Further, at a moment when tenancy protections are under threat and at risk of being rolled-back, vague references to those laws “continuing to apply” offer little reassurance. The furthest the Draft Action Plan goes to address the rights of people who rely on public space is to indicate that existing allowances for temporary shelters to be erected overnight in most City parks will continue to apply. Notably, the Plan makes no promise as to desperately needed daytime respite spaces – unlike overnight sheltering, daytime sheltering is outlawed under City bylaws and a routine vehicle for criminalization – but indicates that the City is “discussing further potential actions” in this regard.

The Plan as a whole is riddled with weak, empty language like the City “will continue” or “will monitor” – as opposed to “will implement”, “will scale up”, or “will fund.” In a profound contradiction, the Action Plan recognizes that FIFA brings an increased risk of harm to Vancouver’s residents, and yet promises nothing to effectively mitigate it. But is our current moment – an ever-expanding housing crisis, a toxic drug poisoning epidemic killing our loved ones, increasing cycles of criminalization and displacement – not a symptom that the “existing” rules are failing? And is the recognition that FIFA could exacerbate harms to our communities not enough to demand something more, something better?

Redress and remedy

Beyond the Draft Action Plan’s failures to effectively mitigate risk of human rights violations, we are further alarmed by its lack of planning for reporting and redress when violations do (inevitably) occur. Access to remedy is a primary pillar of the FIFA’s own Human Rights Framework and falls within the responsibility of the City as a host for the World Cup.
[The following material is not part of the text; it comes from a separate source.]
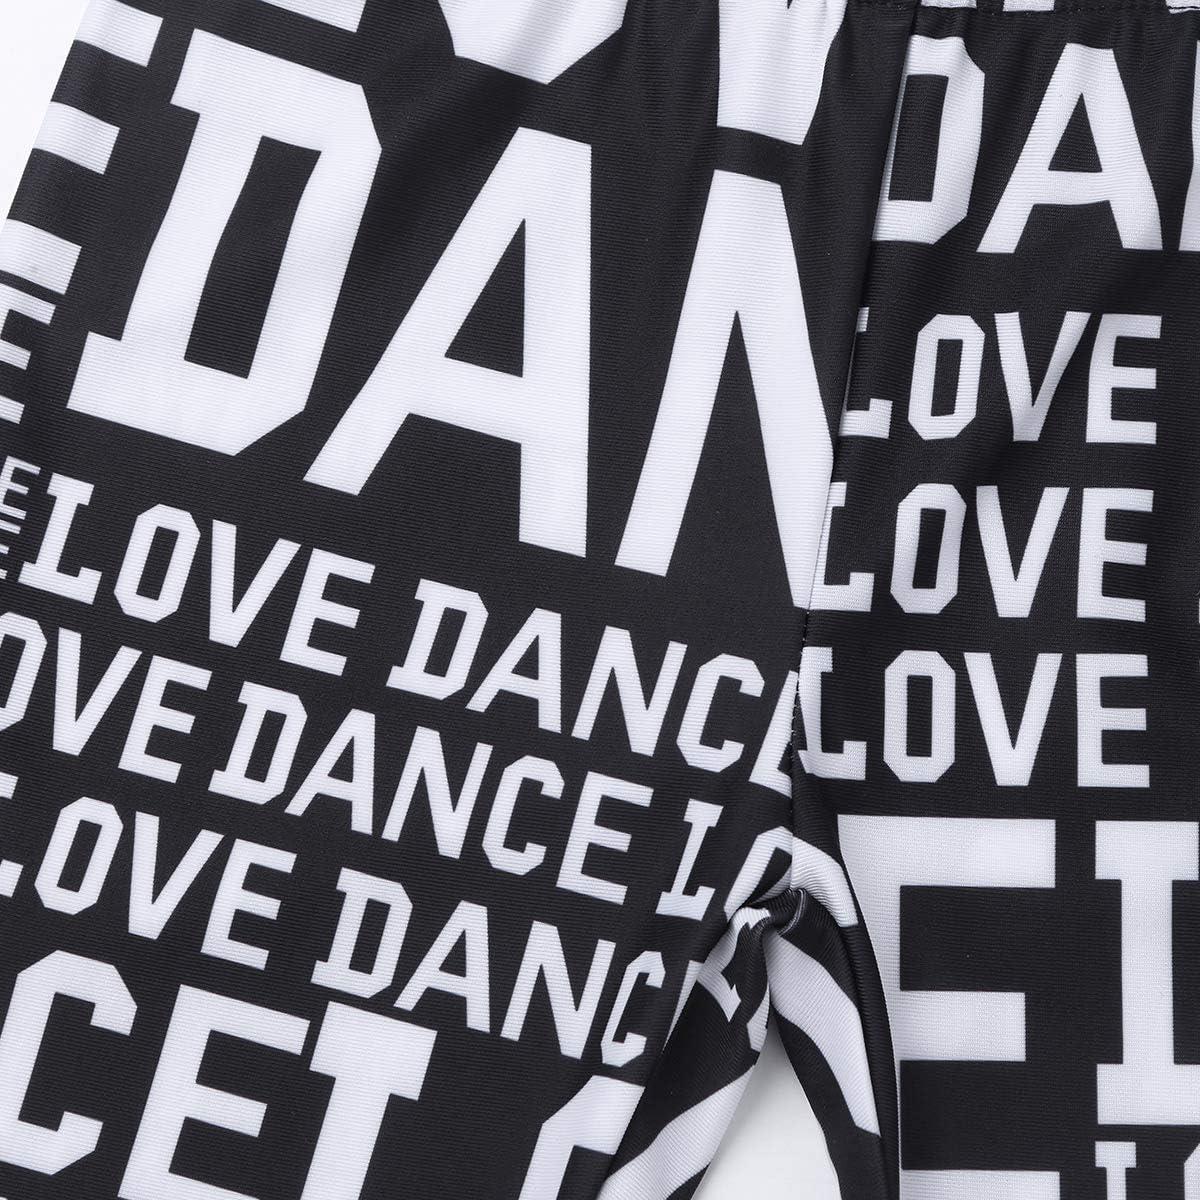 iiniim Sujetador Deportivo Double Correra Cruzada para Ni/ña Crop Top Brillante Bra Push Up para Baile Danza Gimnasia Fitness Ropa Interier sin Costura Respirable sin Aros Relleno

Within the stadium and fanzone at the PNE, FIFA’s own human rights reporting system is in place. For violations that occur outside these designated areas, the Draft Action Plan directs people to 311 services, which are not at this time equipped for reporting human rights violations or delivering real remedy. These services are notoriously inaccessible for folks who are most likely to experience rights violations, by reason of cyclical displacement, a lack of access to technology and technology literacy, and/or past experiences that have yielded deep distrust. Other potential avenues for redress listed in the Action Plan – including filing a claim with the BC Human Rights Tribunal – are years-long processes, and are useless for redressing (entirely foreseeable) violations as they happen.

Towards a final plan

The Draft Action Plan was originally set to be released by the end of 2025, but was then delayed until February 2026 without explanation. This decision further shortened the already tight turn around to undertake meaningful community consultation on the plan.

The Coalition met with the Committee on February 20, 2026 – the day after the Draft Action Plan was released. As noted above, our attempts to meet while the Plan was being prepared, so that our input could be reflected therein, had been refused (despite the Plan’s assurances of “consultation” and “engagement”).

With the final draft of the City’s Action Plan to be released sometime in May, we are deeply skeptical about the Committee’s ability to have a comprehensive response, adequate training, and robust public education with respect to the human rights implications of the games before they kick off in June. Further, the FIFA Bylaw passed by the City in November 2025 takes effect May 13, 2026, suggesting that the City knows that FIFA will “already be here” by May, and is responding as such. That the Bylaw, which focuses on the City’s branding and security obligations to FIFA, was finalized months ago and will come into effect well in advance of the games, while the Action Plan, intended to address FIFA-related human rights implications, is being pushed off until the final moment shows where the City’s priorities lie.

Our Coalition wants to be clear: we have not been effectively “consulted”, we have not been meaningfully “engaged”, and we do not trust that the Draft Action Plan tackles the FIFA-related harms that the City itself has invited by being a host city. In the absence of a “plan” we can rely on, we will continue to find the answers for safety, harm reduction, and care in our own communities.